Na sequência do protocolo para a transmissão electrónica dos dados constantes no balanço e demonstração de resultados, celebrado entre este Instituto, a Direcção Geral dos Impostos (DGCI) e a Direcção-Geral de Informática Tributária e Apoio aos Serviços Tributários e Aduaneiros (DGITA) não é necessário, que as empresas apresentem junto do InCI a documentação financeira relativa ao exercício anterior.
 
Com efeito, basta agora que essa documentação tenha sido entregue pelas empresas até 31 de Dezembro de 2008 junto da Administração Fiscal e tenha sido por esta devidamente validada.

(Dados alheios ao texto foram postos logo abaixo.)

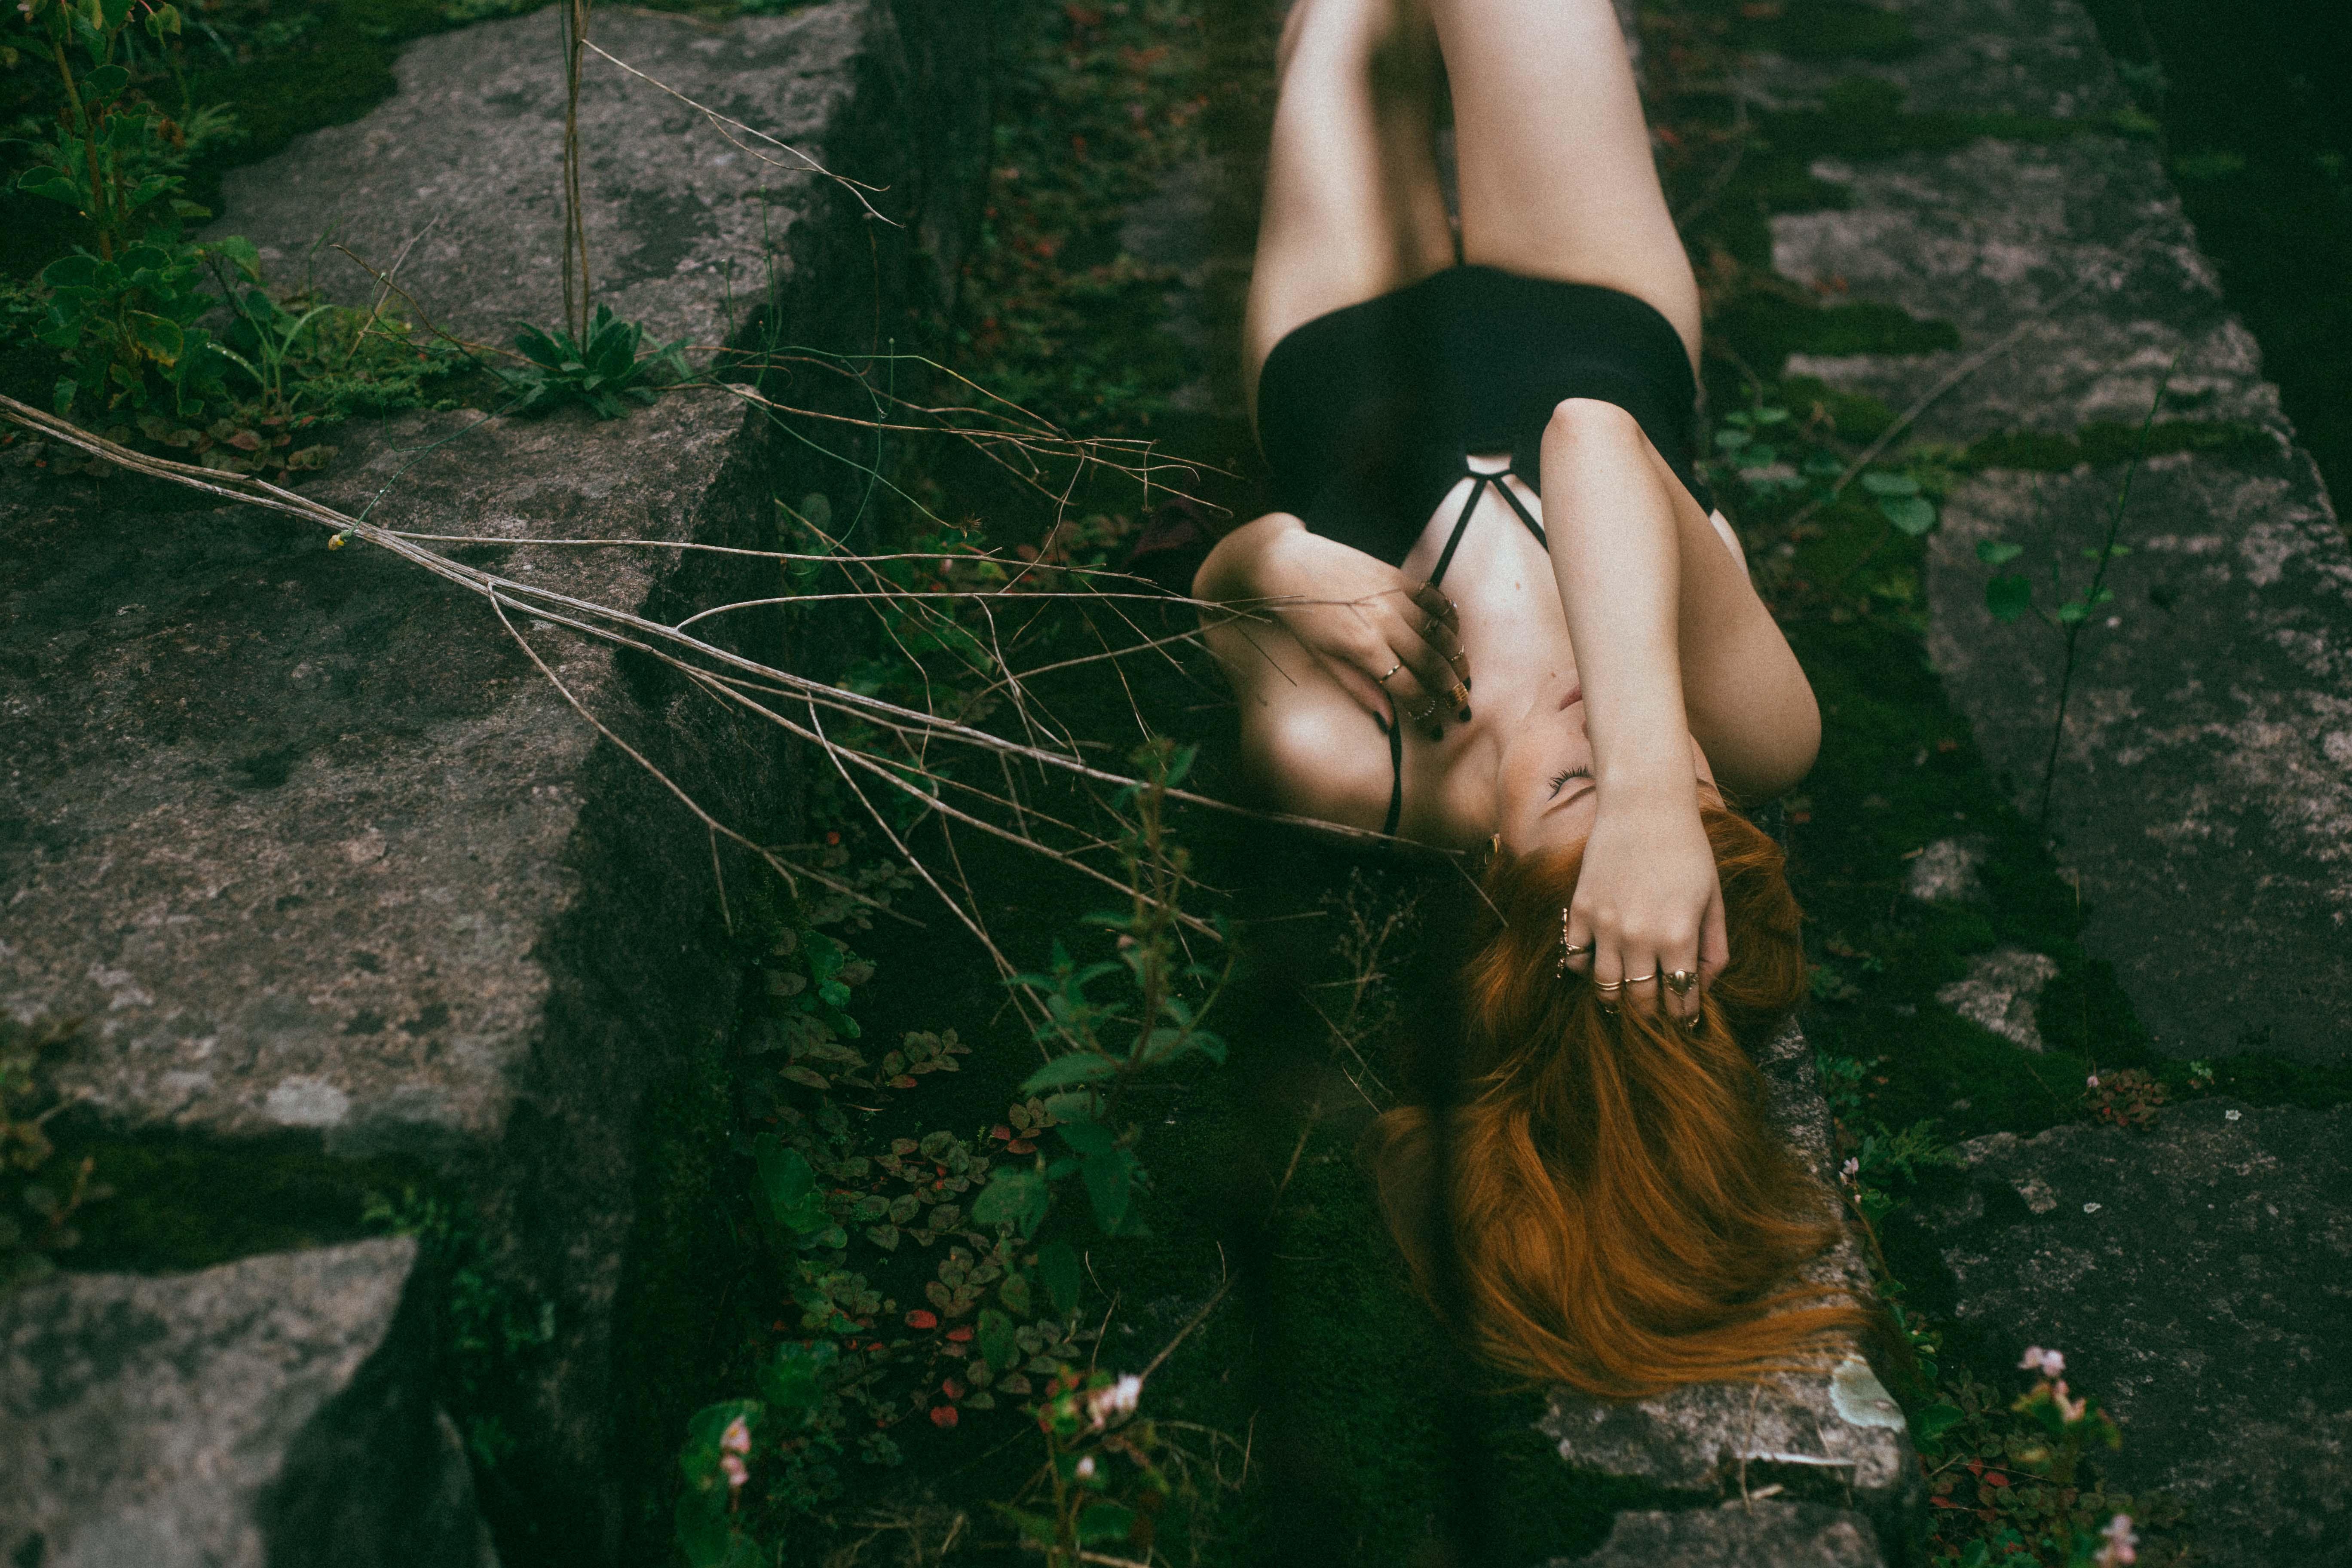 iPhotoChannel_mayara-rios_maria-carolina_papo-de-homem_bom-dia_fotografia_mulher

Em resumo, não é necessário formalizar por escrito o pedido de revalidação junto do InCI.
 
Informa-se ainda que não é possível efectuar o pedido de revalidação pela área reservada do Portal do InCI.
 
Caso a empresa tenha adoptado e esteja autorizada a praticar um período de tributação diferente do ano civil, deverá apresentar junto deste Instituto o Anexo A da IES/Declaração Anual do IRC (6 primeiras páginas: Folha de rosto da Declaração Anual, Demonstração de resultados e Balanço) até 31 de Dezembro de 2009, sob pena de não revalidação do alvará.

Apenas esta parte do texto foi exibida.